De deux choses l’une : soit le « bon sens commun » existe et il doit normalement être partagé par tous (intellectuels, artistes, journalistes hommes politiques inclus), soit il n’existe pas et, de ce fait, il ne peut pas plus être l’apanage d’un parti que celui d’un autre. Boudon lui-même est assez ambigu sur ce point. Un coup il dénonce la rupture entre le monde scientifique et celui du « sens commun » et un coup il précise qu’il est persuadé que la « science [est] un prolongement du sens commun »… Comprenne qui pourra !

Sur la question du relativisme, Boudon n’est, hélas, guère plus précis. Au lieu de s’appliquer à nous proposer une analyse détaillée et circonstanciée de la question, il se contente la plupart du temps de rassembler sous cette étiquette négative (selon lui) tout ce qui, dans la société, n’a pas l’heur de lui plaire. Le marxisme est encore trop présent dans la pensée contemporaine ? La faute au relativisme. Le libéralisme est mal compris ? Coupable : le relativisme. Les principes universels ont du plomb dans l’aile ? Le relativisme, encore.

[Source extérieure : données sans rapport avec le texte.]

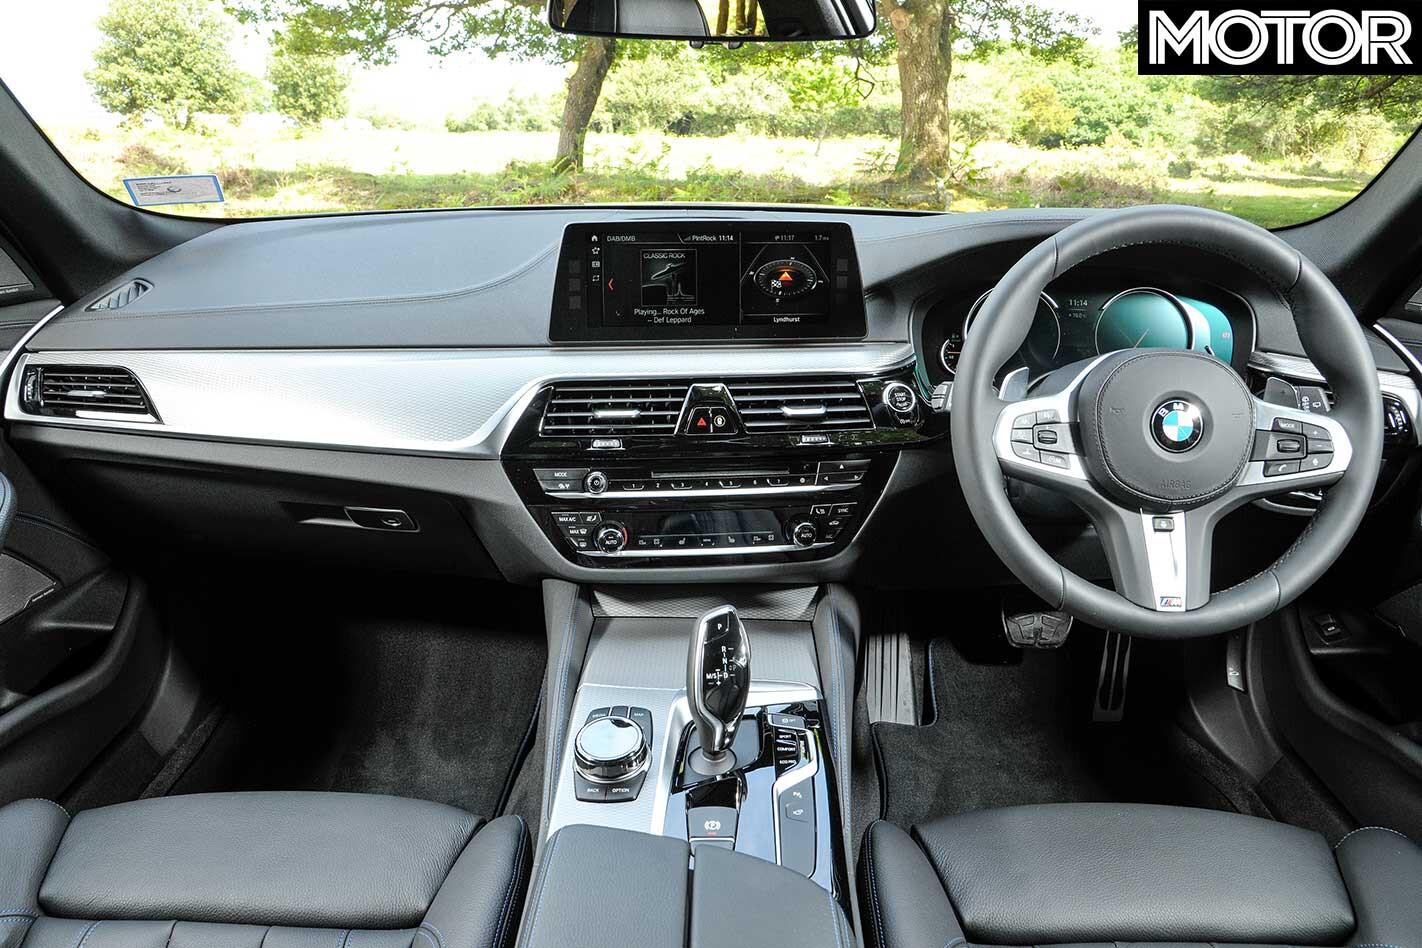 2018 BMW 530 I Touring Interior Jpg

En fait, Boudon ne supporte pas – et on peut le comprendre car l’idée est assez effrayante – que la marche du monde n’ait finalement pas de sens, que les notions de vrai et de faux, de Bien et de Mal ne soient en réalité que des constructions humaines dont les contours n’ont rien de précis ni de définitif. Il veut se raccrocher à la vision téléologique très positiviste d’un monde qui évolue vers le mieux, vers toujours plus de démocratie, toujours plus de respect des droits de l’homme, toujours plus de liberté… Il a besoin de cela pour garder espoir, tout comme il a besoin de trouver des coupables pour justifier son point de vue. Hélas, ce n’est pas la faute des Nietzsche, Marx ou Freud si le monde est tel qu’il est. Ils n’ont fait que mettre le doigt là où cela faisait mal. Oui, la réalité est absurde. Oui, tout est relatif… Mais cela ne veut pas dire que tout se vaut. Cela ne veut pas dire qu’aucune morale n’est possible, qu’aucune valeur ne puisse être posée et respectée. Le relativisme n’est pas une « idéologie », c’est une « réalité ». Face à cette réalité, deux positions sont possibles : soit on la regarde en face, on l’assume et on s’efforce d’organiser les conditions d’une vie néanmoins acceptable, soit on la rejette et on continue à prendre des vessies pour des lanternes, à s’éblouir d’idéologies fumeuses et d’illusions rassurantes qui ne demandent qu’à se muer en croyances collectives et en intégrismes divers. On ne peut que déplorer que Boudon, l’individualiste, opte pour cette seconde solution.